Your objective: From the records that follow, return exactly the lines beginning at the one that contains "SWINGING CHRISTMAS SONGS 4CD BOX" and ending at the one that contains "Lace Pencil Skirt XL", pictures left out.

Dataset entries:
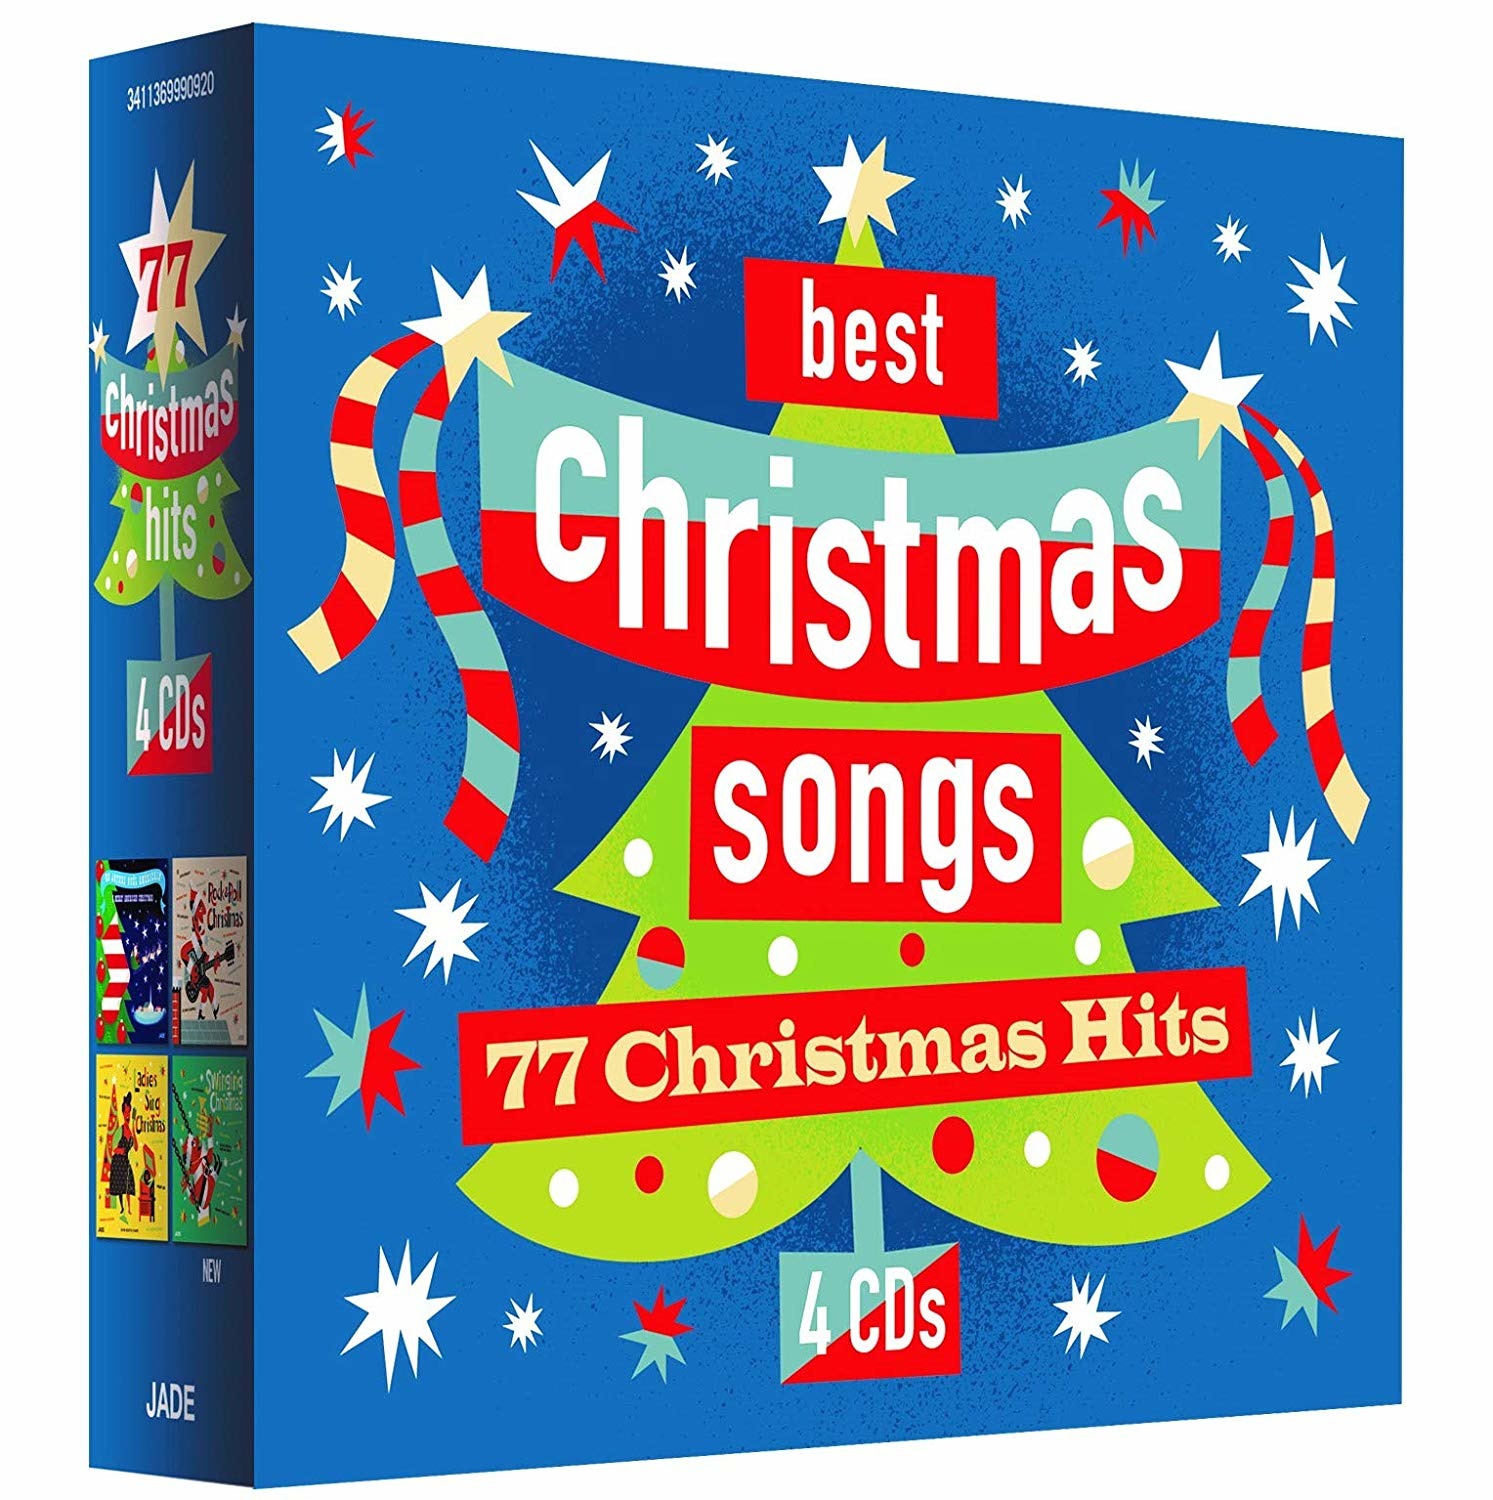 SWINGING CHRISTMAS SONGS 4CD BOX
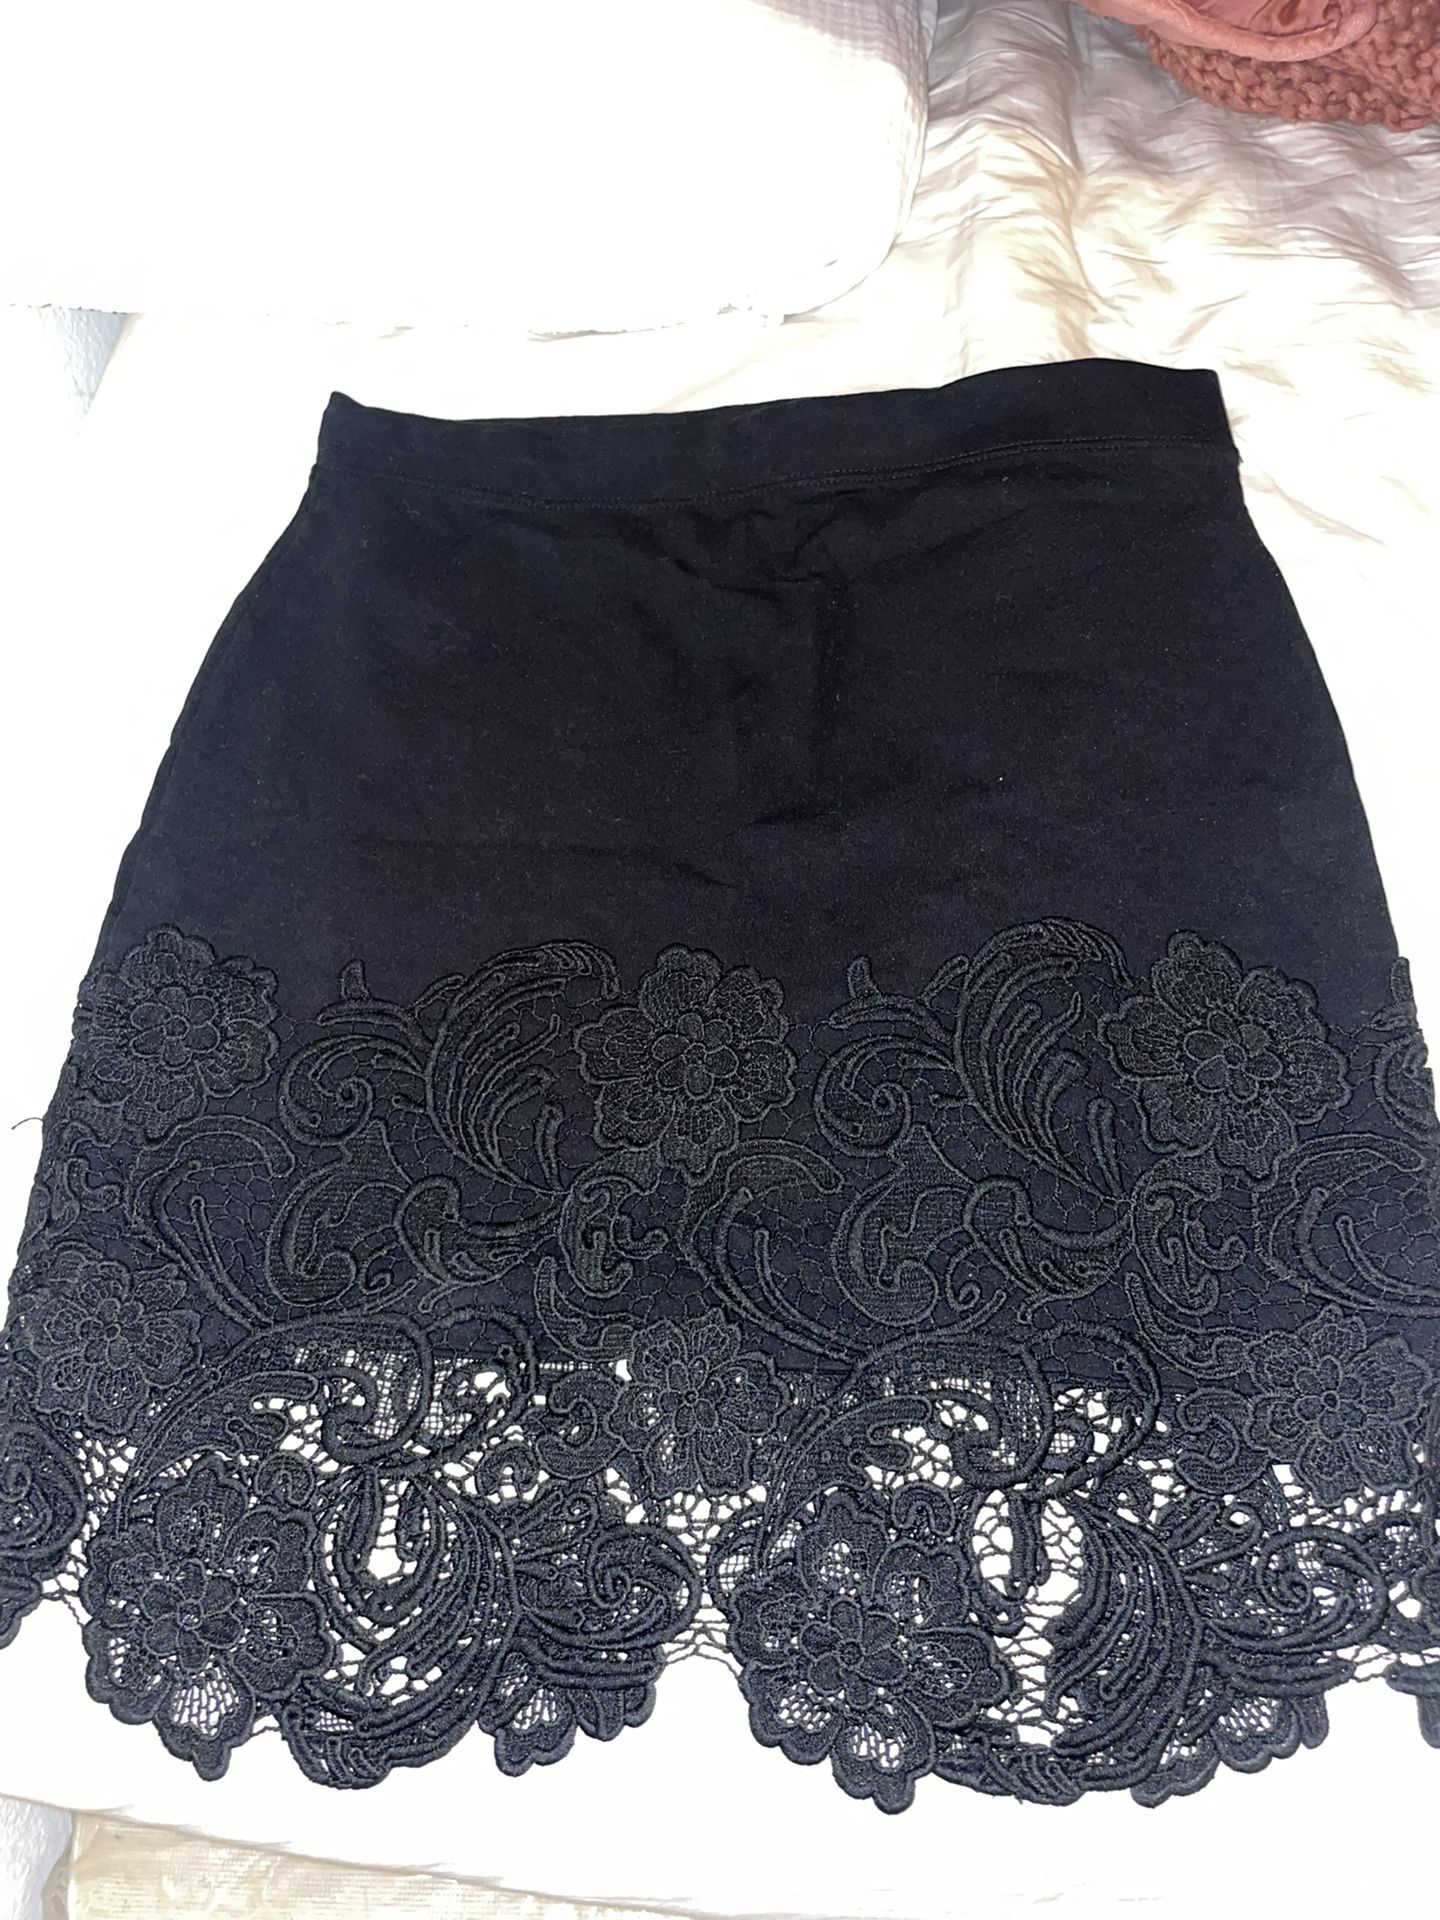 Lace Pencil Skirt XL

--

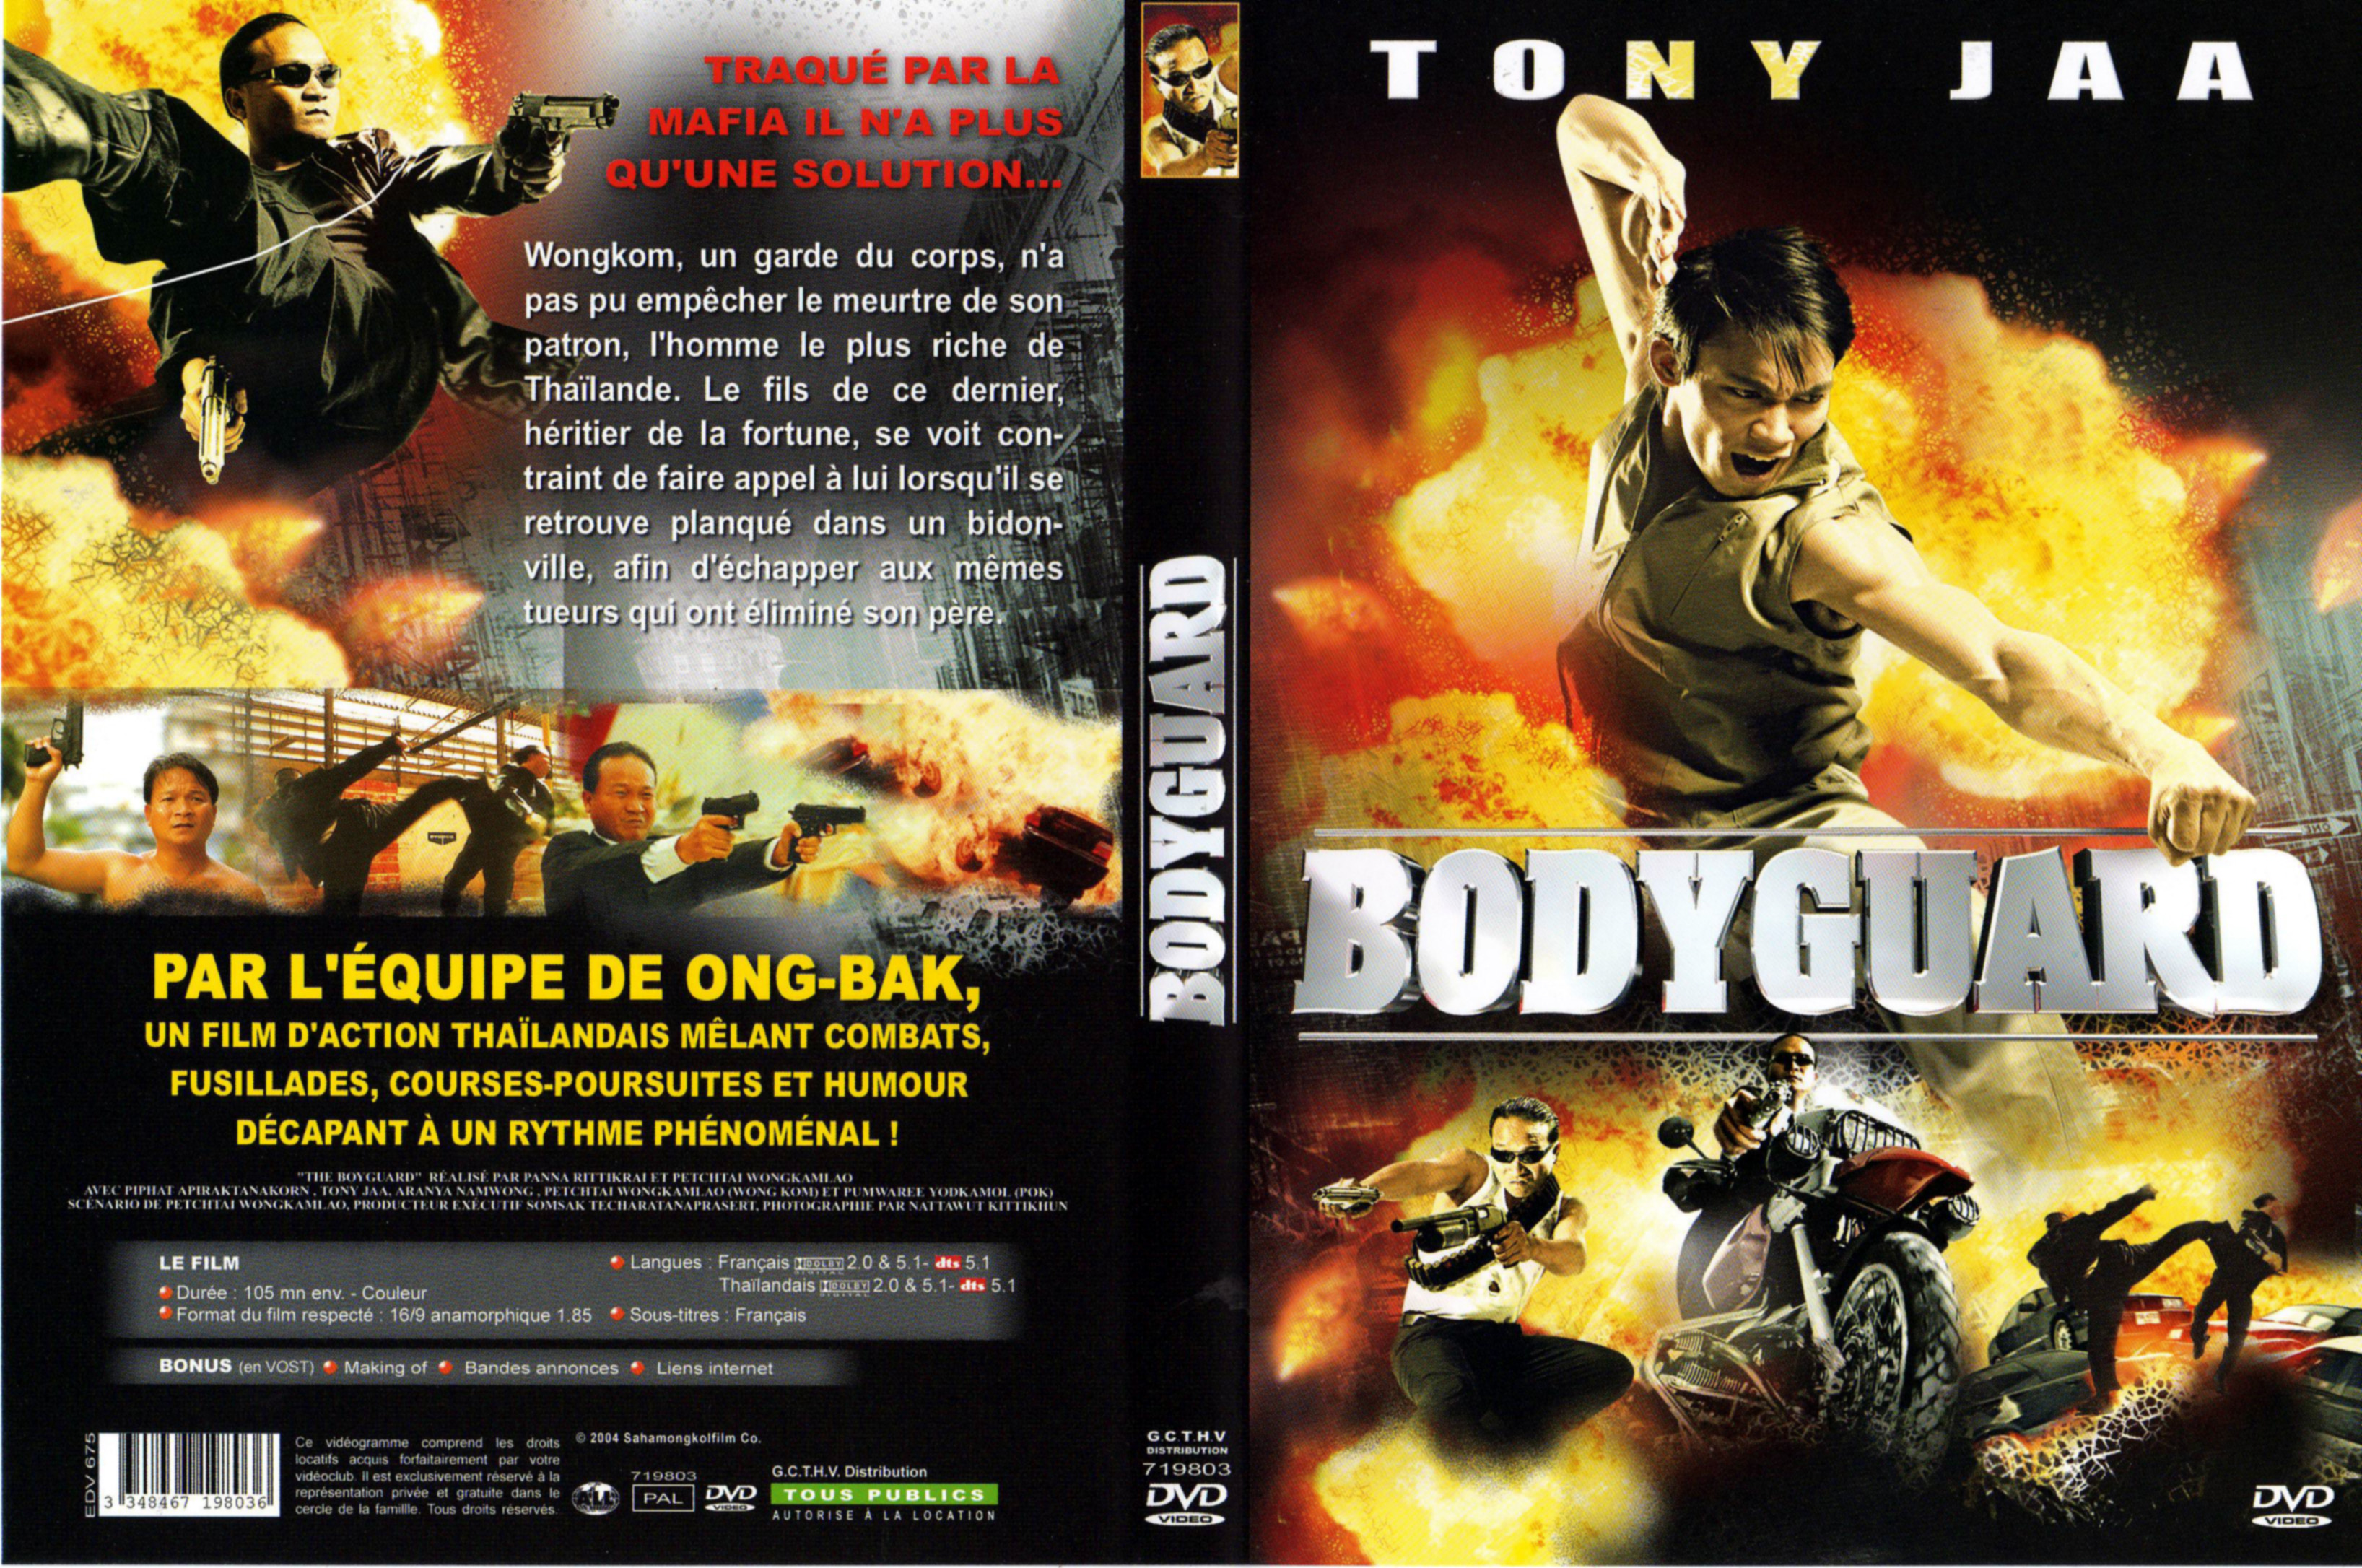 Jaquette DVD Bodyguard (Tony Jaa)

Result of this exercise:
 SWINGING CHRISTMAS SONGS 4CD BOX
 Lace Pencil Skirt XL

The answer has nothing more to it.